Прощаясь, Корсаков встал из-за стола, почти вплотную подошёл к Лермонтову и, ожидая, пока он наденет шинель, смотрел на него серьёзно и доброжелательно.
От нетерпения Лермонтов не мог попасть в рукав, и Корсаков, протянув свою большую красную руку, помог ему. Когда Лермонтов взял со стола рукопись, Корсаков с необычной для себя краткостью сказал:
— Это большая книга. Берегите свой талант, Михайла Юрьич...

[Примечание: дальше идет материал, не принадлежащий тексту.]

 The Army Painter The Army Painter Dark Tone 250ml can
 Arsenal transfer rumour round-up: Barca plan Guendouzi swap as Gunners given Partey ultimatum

В другое время и в другом настроении Лермонтов был бы польщён такими словами от человека, которого уважал (наверное, всё-таки умеренно) сам Пушкин. Но сейчас слова Корсакова, не причиняя, правда, досады Лермонтову, никак на него не действовали. Его переполняла беспокойная, щекочущая радость, и он уже не думал ни об аресте, ни о возможном суде, и даже мысль о бабушкиной болезни только слабо мерцала где-то в глубине его сознания.
Встряхнув протянутую руку Корсакова, Лермонтов, слегка удивившись себе, фамильярно-весело провёл рукой по лацкану корсаковского сюртука и, звеня шпорами, выбежал в коридор.
Только чуть понизив голос и продолжая бежать, легко и звонко подскакивая, он запел сочинённую тут же, на бегу, песенку, и сразу же к ней как-то сами собой подобрались слова чьей-то эпиграммы: «Просвещения «Маяк» — издаёт большой дурак — по прозванию Корсак...»
Корсаков был не только цензор, но и издатель нового журнала «Маяк» — говорили, скучного.